The sitcom is one of the most treasured forms of American media, often defining a generation with a specific sense of humor and creating a common language among its viewers. The “situational comedy” centers on a set of characters in the same setting as they go about their lives—they enter new relationships, lose others, and have to make grand life choices before our very eyes. Perhaps one of the most influential shows for the current generation has been Friends, which, while premiering in the 1990s, has enjoyed a revival among an audience of young adults with time to kill.
The sitcom has such an impressive audience due to its bingeable quality. While prior to the creation of Netflix and other streaming services, the “bingeability” of a television show had no influence over its popularity, Netflix allowed an audience to sit down and watch TV normally broken up into distinct sections or spread throughout the day on daytime television. Much of Friends’s popularity is due to how easy it is to watch it straight through. Sitcoms are about the same set of characters on different days, dealing with different issues but always coming back together as a group in a familiar setting. There's usually no massive advancement in plot from episode to episode, and such major turning points often come at season finales for dramatic effect.
However, the exact form of the sitcom is changing. Friends and How I Met Your Mother, while still frequently watched and binged today, were clearly made in the 1990s and 2000s. They are marked by laugh tracks and outdated jokes. However, the leads of Friends and How I Met Your Mother’s exhibit an impressive amount of change throughout the storyline, often entering relationships with each other and then ending them or having to decide about their careers or children. These characters, fundamentally, are altering themselves and growing—so when the show ends, the audience is able to look back at the character's journey.
Yet where does that leave the current crop of sitcoms? Two of the more popular modern sitcoms are FX’s It’s Always Sunny in Philadelphia and Netflix’s seasons of Arrested Development. From the get–go, these two television shows use the form differently: they no longer have laugh tracks, their characters are not supposed to be reflections of an audience, and how their lives will shake out is never the worry of viewers.
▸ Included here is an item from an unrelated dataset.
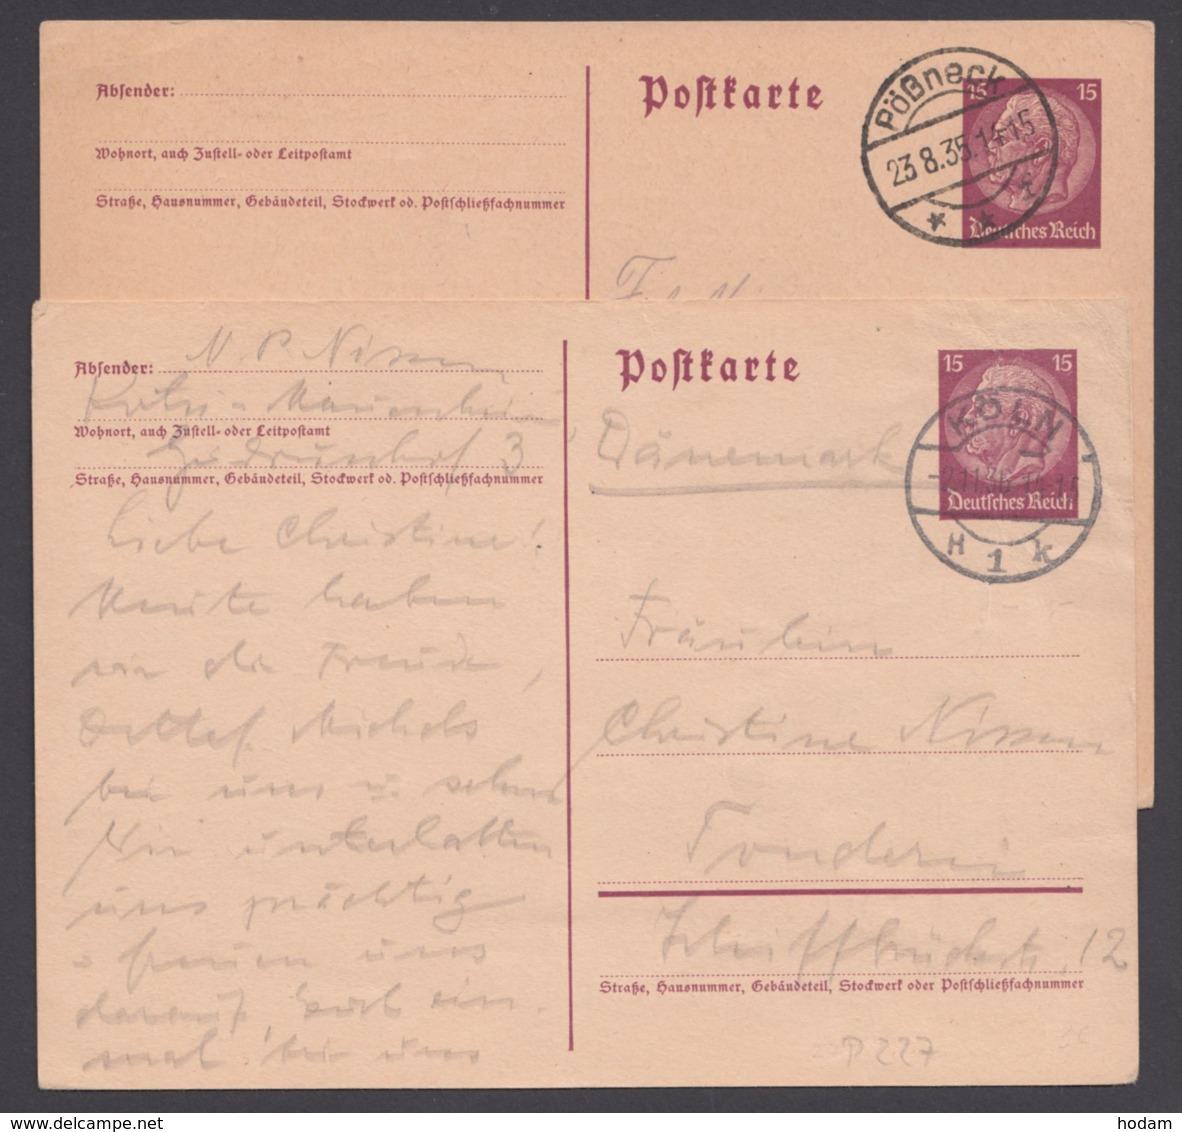 P 227 I, 2 Bedarfskarten Nach Schweden Und Dänemark - Deutschland

It’s Always Sunny in Philadelphia is about five dysfunctional people working in a bar together—a location which acts as their “home base” and the foundation for shenanigans—and Arrested Development focuses on an incompetent wealthy family that has fallen from riches. Both shows are about human beings who we are not supposed to look up to, and, in fact, we are often supposed to laugh at their expense for the situations they have gotten themselves into.
To the point of character development, both shows make an explicit point to not allow their characters to grow or change. Arrested Development is focused on—just as its title indicates—a family stuck in a state of stagnancy. It’s Always Sunny never allows its characters to grow because, fundamentally, they are terrible people. The emotional investment of an audience is almost discouraged by the shows due to the utter lack of evolution in every character.
An interesting issue with these sitcoms is that they are still on the air. It’s Always Sunny is slated through an impressive 14th season—making it tied for the longest running sitcom in America—and has indicated that it may continue past that. Arrested Development, after getting a remixed fourth season, just released the second half of its fifth season in March of 2019. However, do audiences even want to continue watching?
The peaks in popularity of these shows are likely behind them. Arrested Development had quite a bit of buzz in 2012 when the public was rediscovering it following its cancellation by Fox in 2006, which in itself created enough uproar for the show to be picked up by Netflix for a fourth season. However, following the fourth season in 2013, general opinion of the show dropped and the season was generally considered a failure for its character–based episode format. On the other hand, It’s Always Sunny made no grave mistake, but its popularity has simply petered out after it was rediscovered by younger audiences around 2015.
Both shows went through phases where fans insisted and rallied for extensions and more seasons. However, asking for new seasons of these sitcoms is very different than asking for more seasons of a show like Friends, which is about characters changing. While a season finale of Friends may end on some grand cliffhanger, It’s Always Sunny wouldn't do that, since it's characters aren't meant to undergo dramatic changes.
The question becomes, then, how long can we watch characters never develop in a comedic format until we grow bored? How long can It’s Always Sunny reasonably go on? Do we even still want to watch Arrested Development? These shows may give us more and more content in the years to come, but it is obvious that some point, all good things must come to an end.